Some of this document is reasonably polished, but other parts are rough notes only.

I have also put up a webpage on "How to do research", aimed at students beginning research (e.g., for Honours or PhD degrees): click here.

My name is Paul Hutchinson, and I work in the Department of Psychology, Macquarie University; but in previous existences I've worked in Statistics and Civil Engineering departments, and I think most of what I say here is quite widely true. This document is aimed particularly at those who are taking their first course in statistics (most of whom are specialising in some other subject). See also a page by Michael Hughes of Miami University, Ohio: click. Anyway, here is my advice on

How to study statistics

Do well in it --- if you do well, you are much more likely to enjoy it. (And in later years you may even make some money tutoring other students!)

If you have to work hard in order to do well --- so be it. Finding subjects difficult and needing to put in a lot of hours of study is usual.

Perhaps you're really interested in some other subject, and are only taking a statistics course because you have to.
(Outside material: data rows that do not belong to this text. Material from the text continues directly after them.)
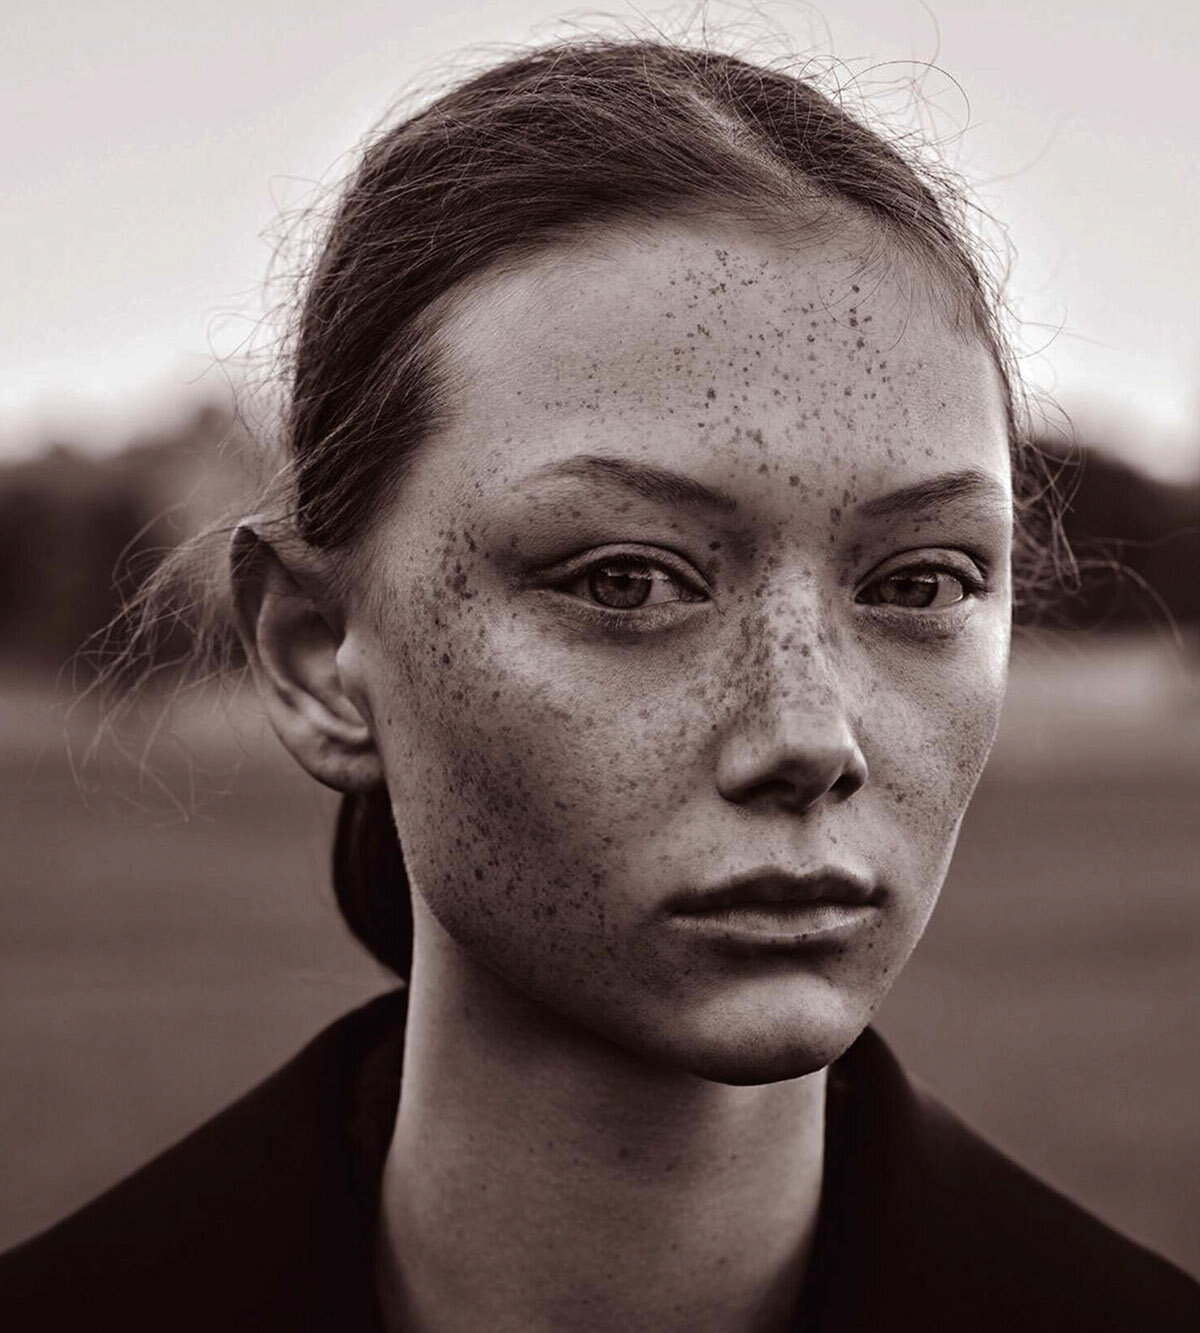 Sara-Grace-Wallerstedt-by-Geordie-Wood-for-Vogue-Australia-July-2021-14.jpg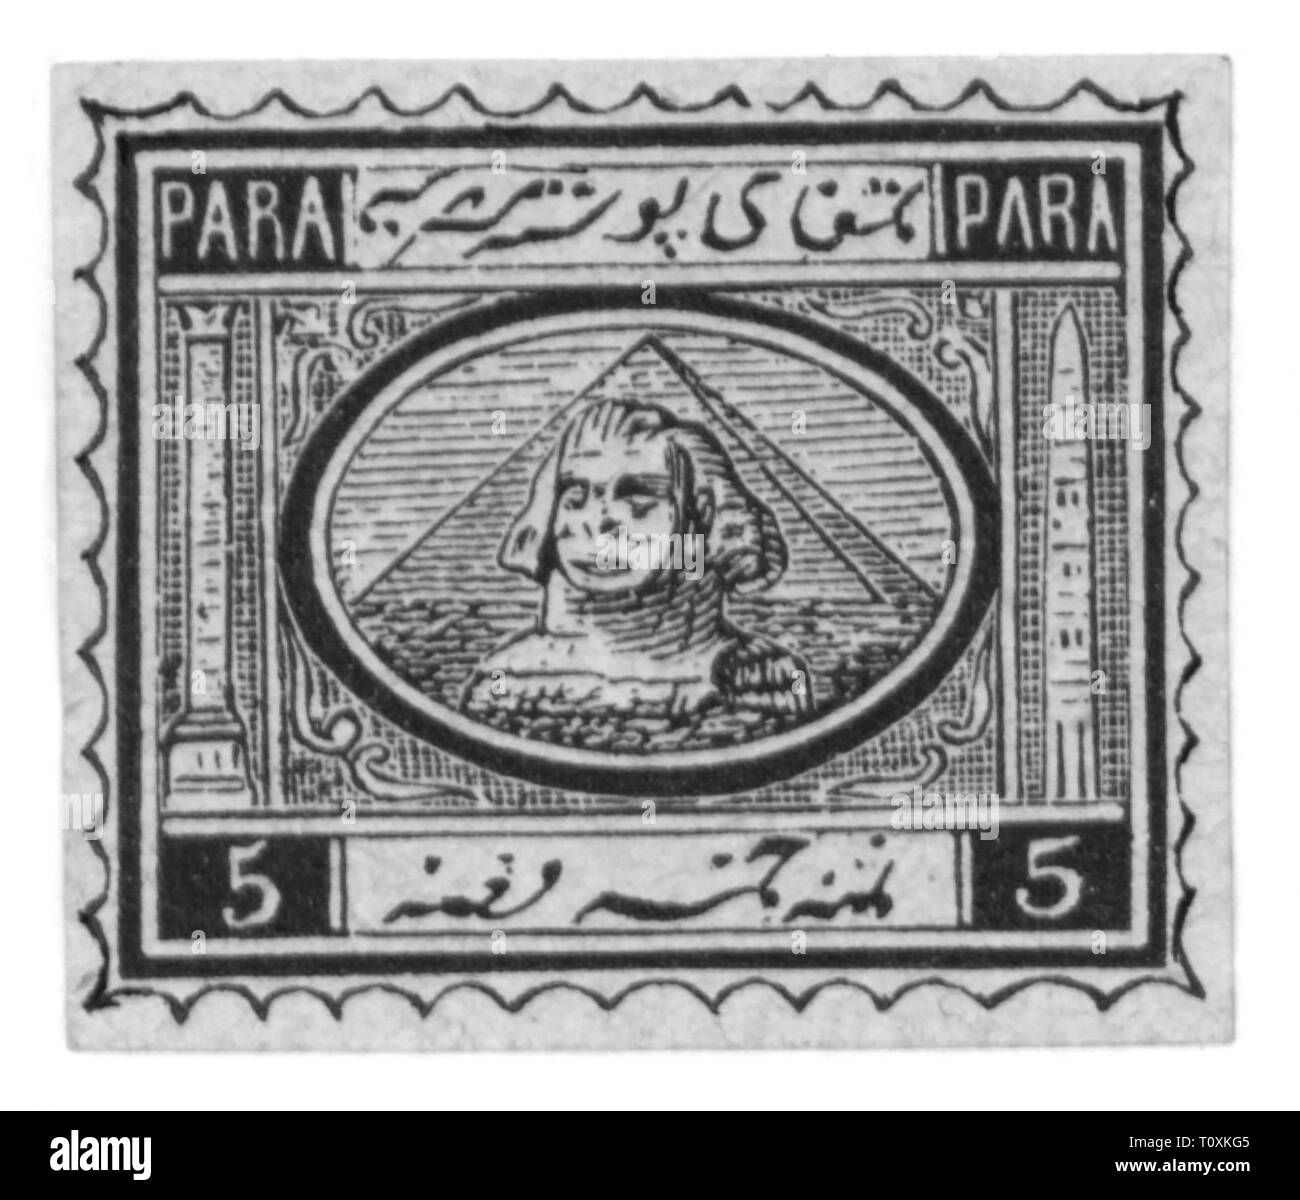 Mail, Briefmarken, Ägypten, 20 Para Briefmarke, Sphinx und Pyramiden, 1867 - 1872, Additional-Rights - Clearance-Info - Not-Available Stockfoto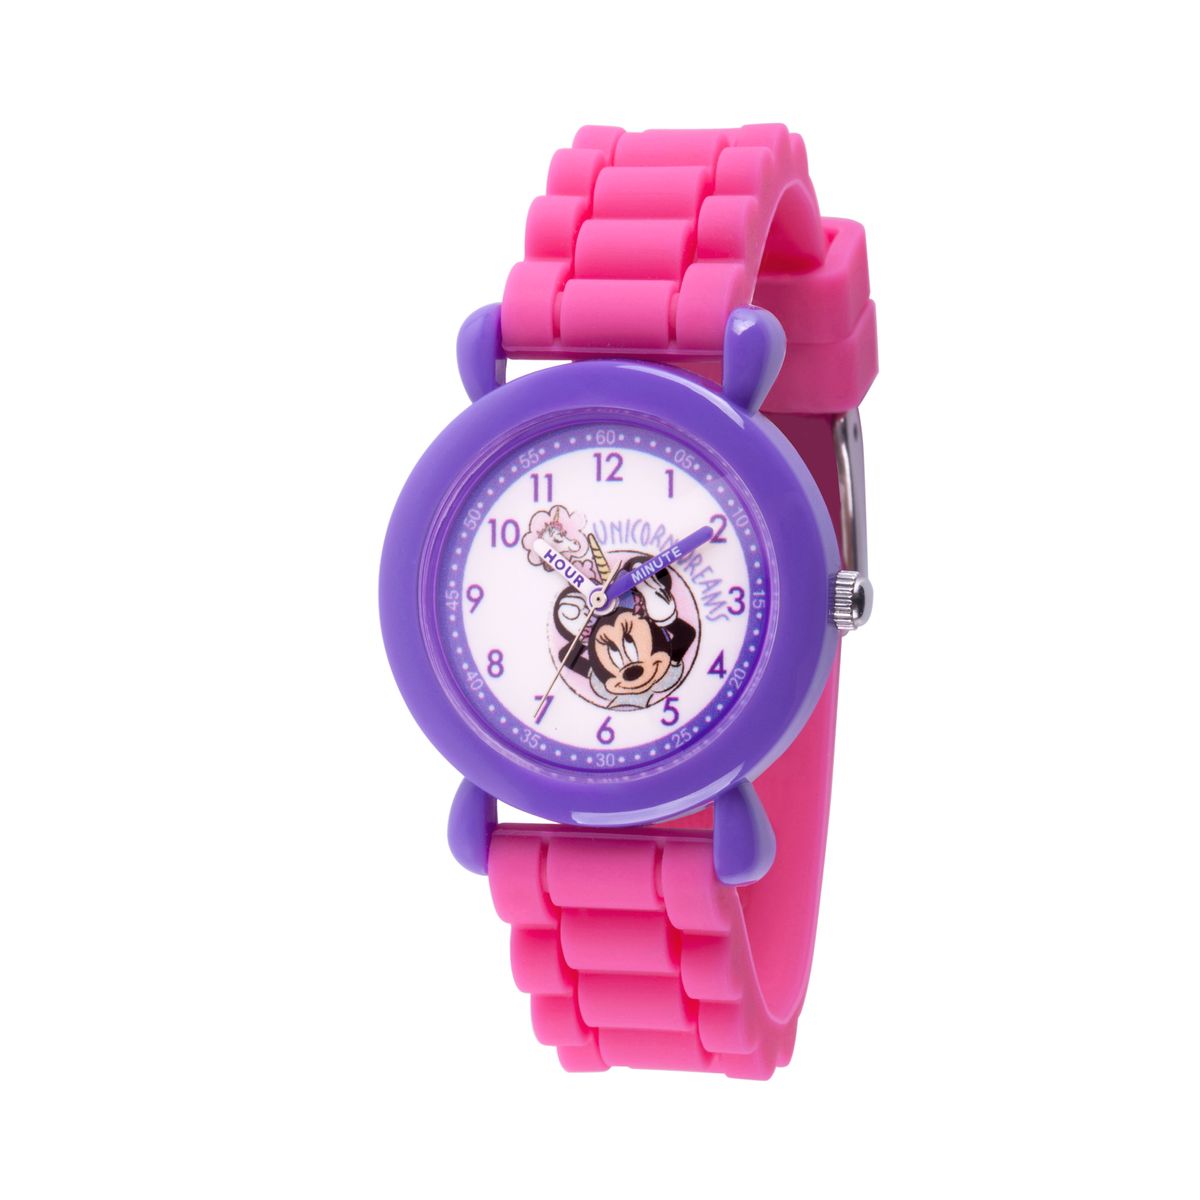 楽天Walmart 楽天市場店[送料無料] Disney Minnie Mouse Girls' Purple Plastic Watch, 1-Pack [楽天海外通販] | Disney Minnie Mouse Girls' Purple Plastic Watch, 1-Pack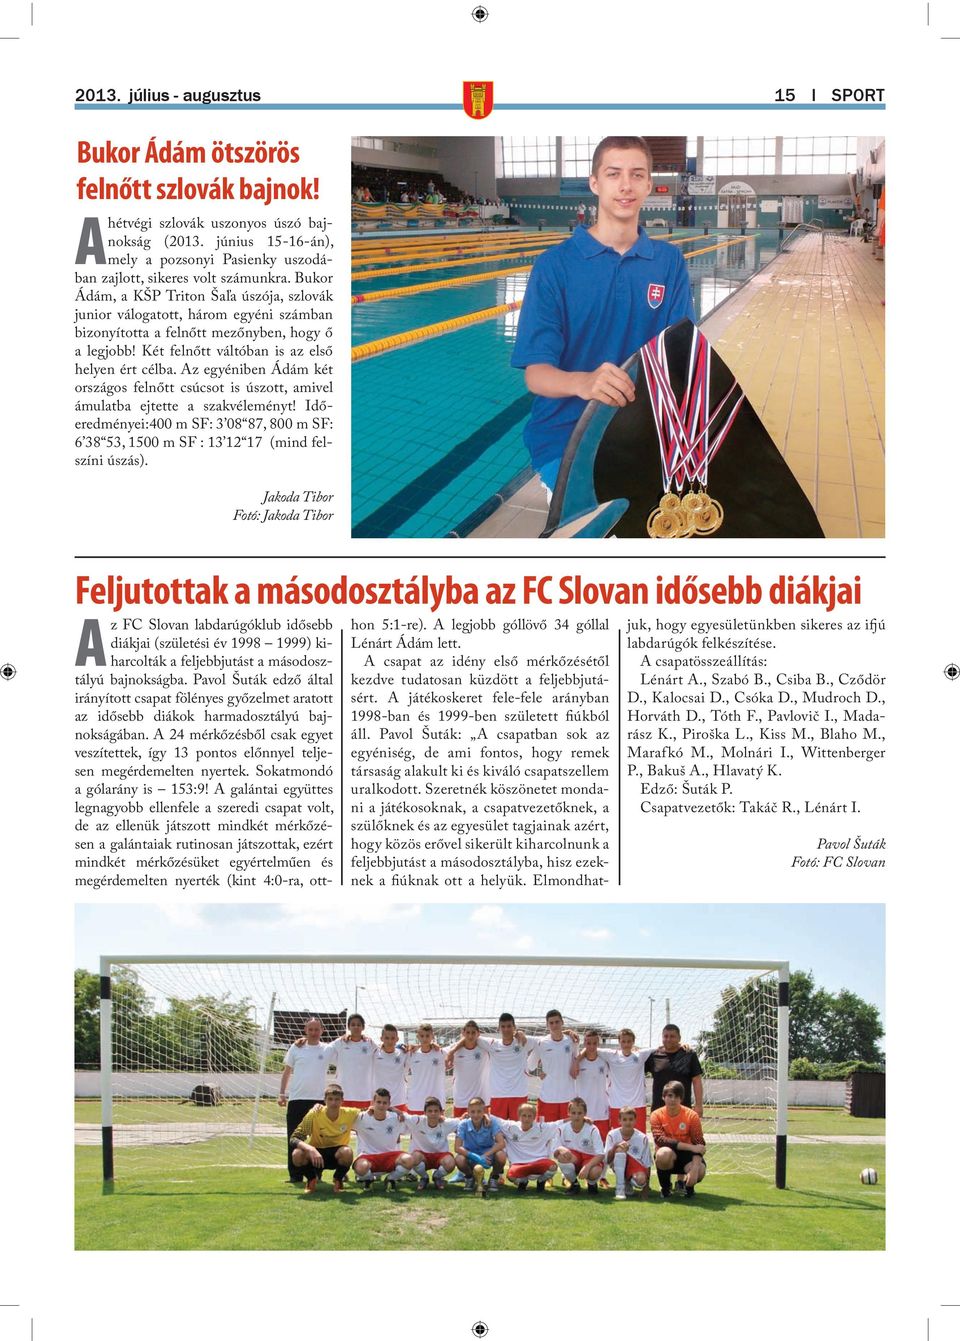 Bukor Ádám, a KŠP Triton Šaľa úszója, szlovák junior válogatott, három egyéni számban bizonyította a felnőtt mezőnyben, hogy ő a legjobb! Két felnőtt váltóban is az első helyen ért célba.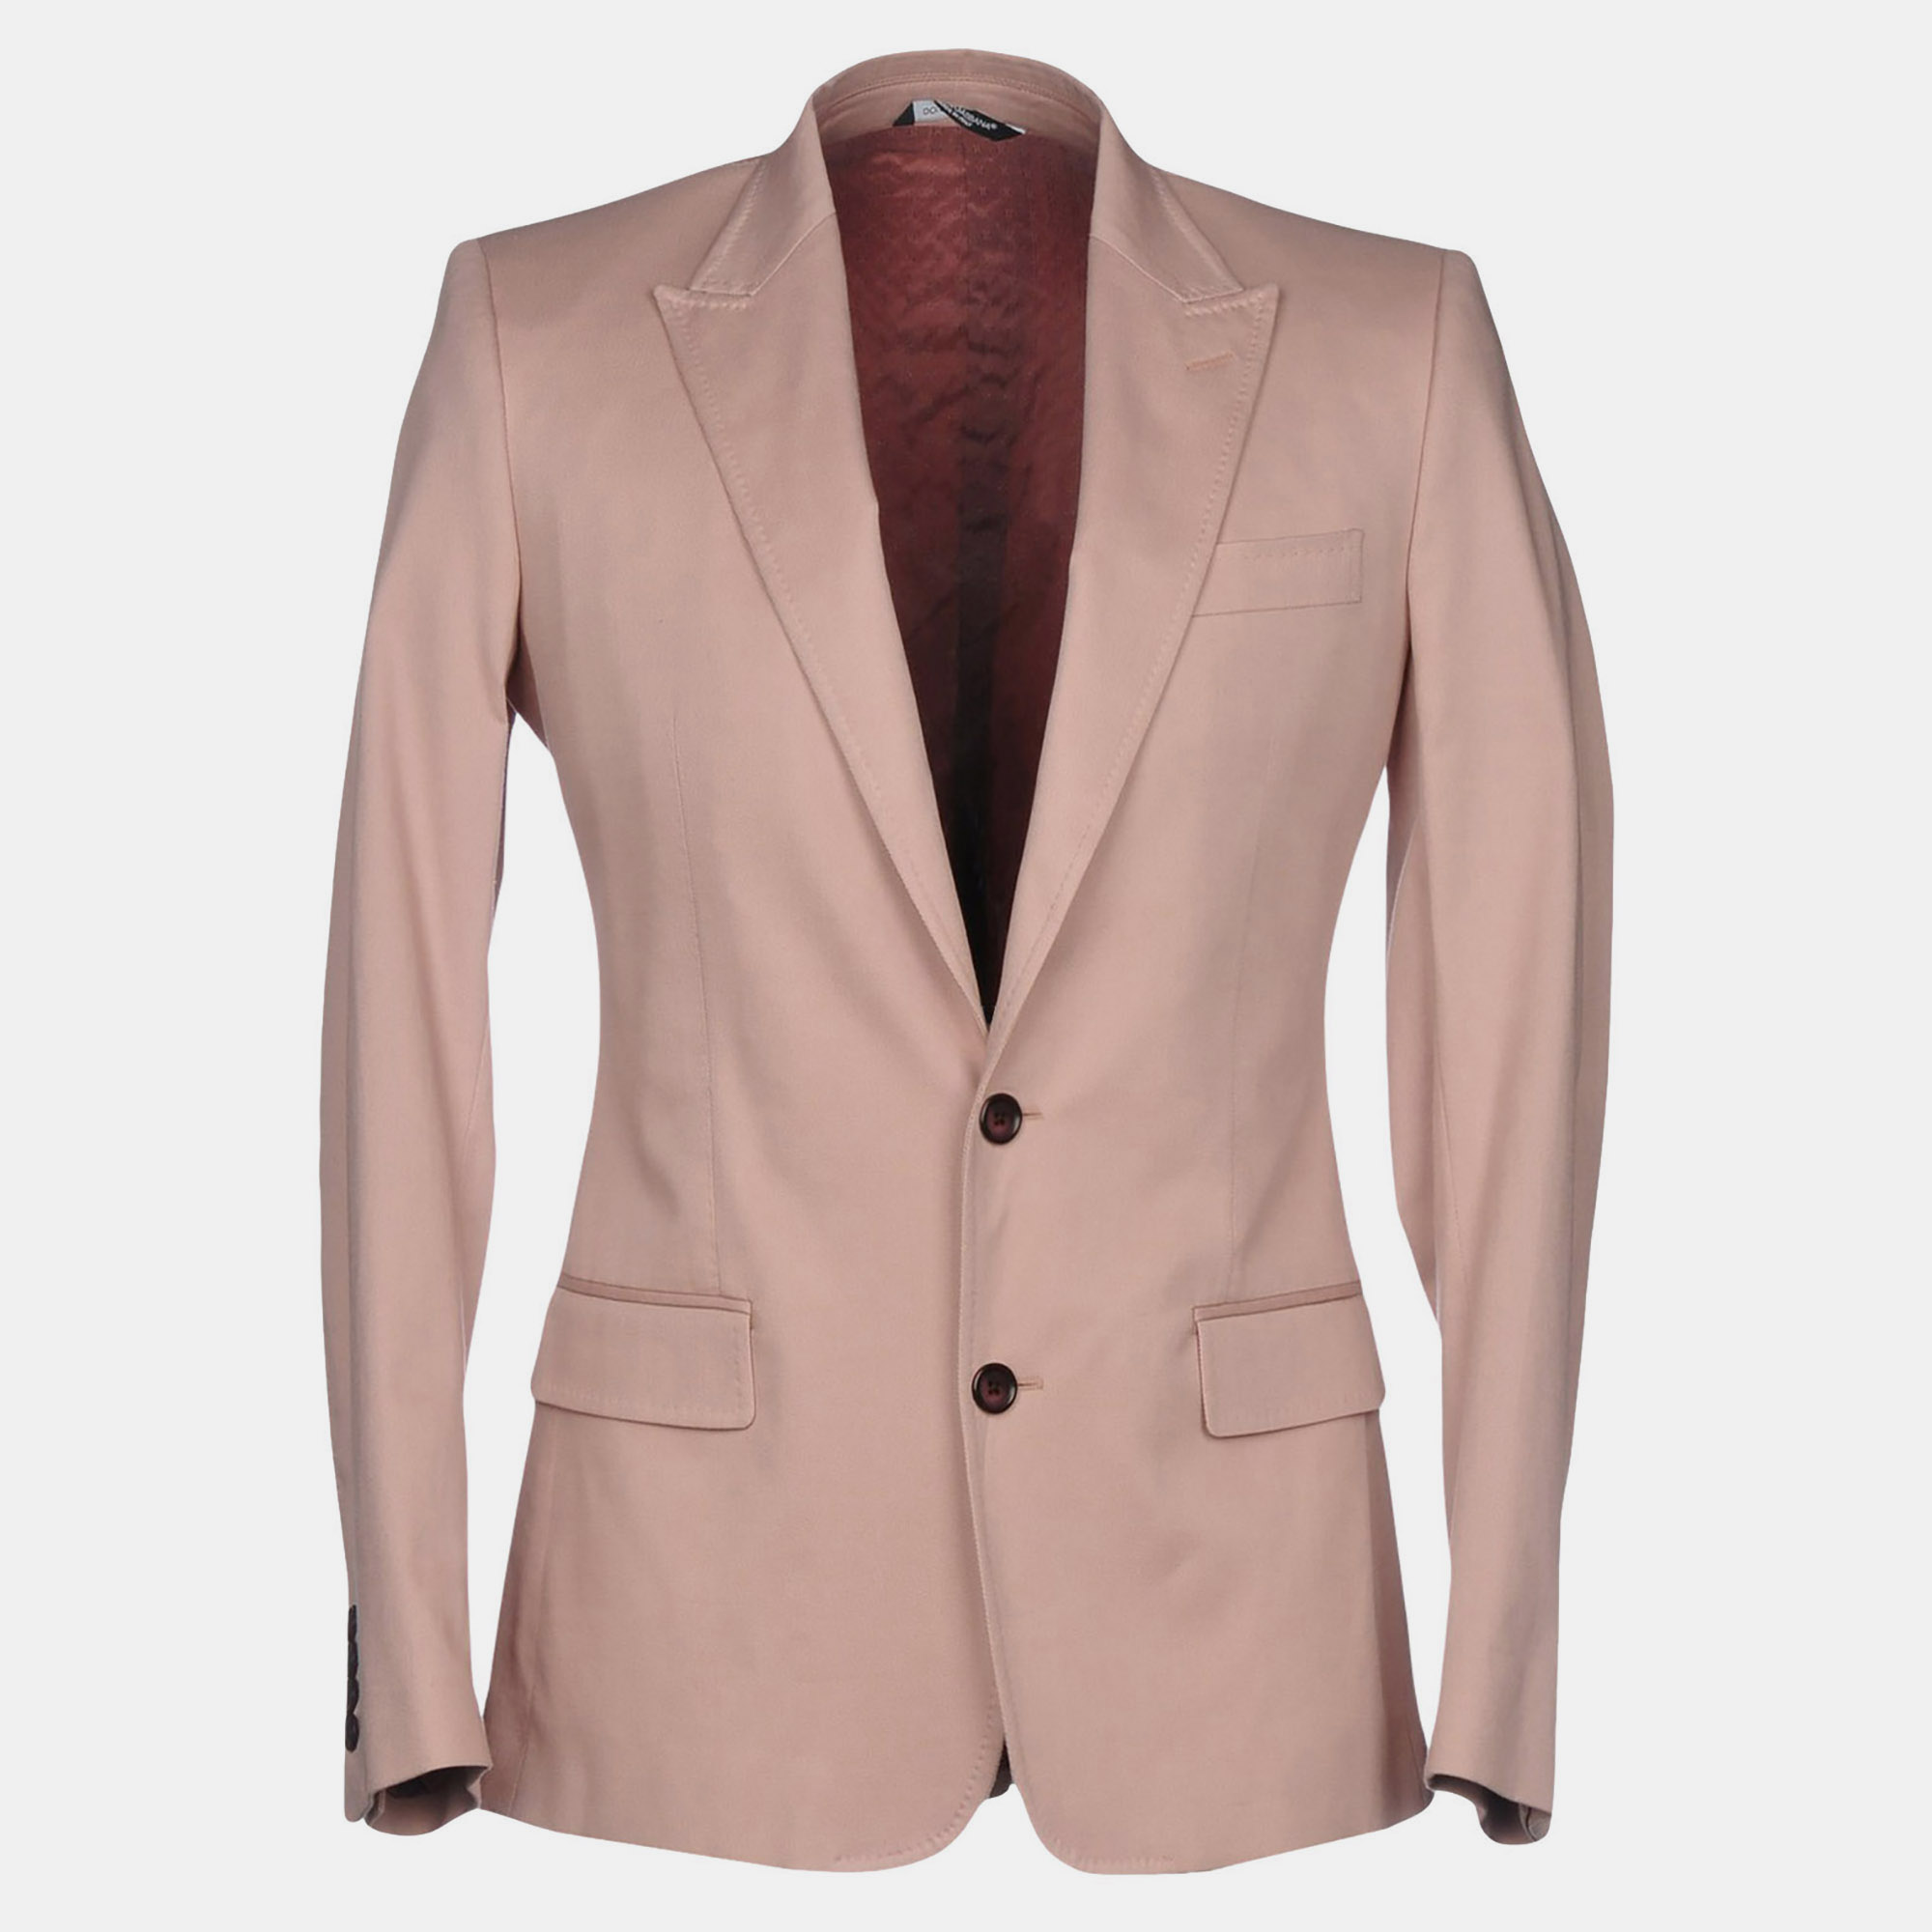 Dolce & gabbana pink cotton tailored blazer s (it 46)

That's a nuisance, and I sympathise with you, but remember this: statistics is not something imposed from outside (by mathematicians, perhaps); statistics as a subject exists because psychologists and agriculturalists and engineers and medical researchers and economists built it, and they built it because they needed it. You will find that you need it, too.

Overview of introductory statistics.

A typical introductory statistics course is in three parts.

• Data description. For example:
• Pictorial presentation of data (principally, a single numeric variable).
• Calculation of summary statistics (principally, a single numeric variable).
• Two numeric variables: scatterplots, correlation, regression.
• Probability. For example:
• Rules for doing calculations with probabilities. Diagrams that help with the calculations.
• Discrete probability distributions. The binomial distribution. The Poisson distribution.
• Continuous probability distributions. The uniform distribution. The exponential distribution. The normal distribution.
• Expectations and variances of random variables.
• Inference. Here, we try to draw conclusions about the population from which our sample came.
• The standard error of the mean. The Central Limit Theorem.
• The concept of using a sample statistic to estimate a population parameter. Criteria for choosing a good method.
• The general idea of hypothesis tests. Examples of hypothesis tests for particular situations.
• The general idea of confidence intervals. Examples of constructing confidence intervals.
• Inference in the linear regression context.
Hypothesis testing can come to dominate a statistics course, and even whole areas of the application of statistics. This is rather a pity, (a) because students ought not to get into the habit of thinking that hypothesis testing is the be-all and end-all of statistical analysis, and (b) because it is quite controversial just what hypothesis tests mean and how they should be used.
(These few sentences are rather advanced, don't worry if you're not yet at the point where you appreciate them.) In particular, the output from a calculation is an indication of the probability of the data conditional upon a particular (null) hypothesis being true. What an investigator wants is not this, but an indication of the probability of the hypothesis being true, conditional upon the data that was observed. A good many philosophers and statisticians would say this latter "probability" is a meaningless concept.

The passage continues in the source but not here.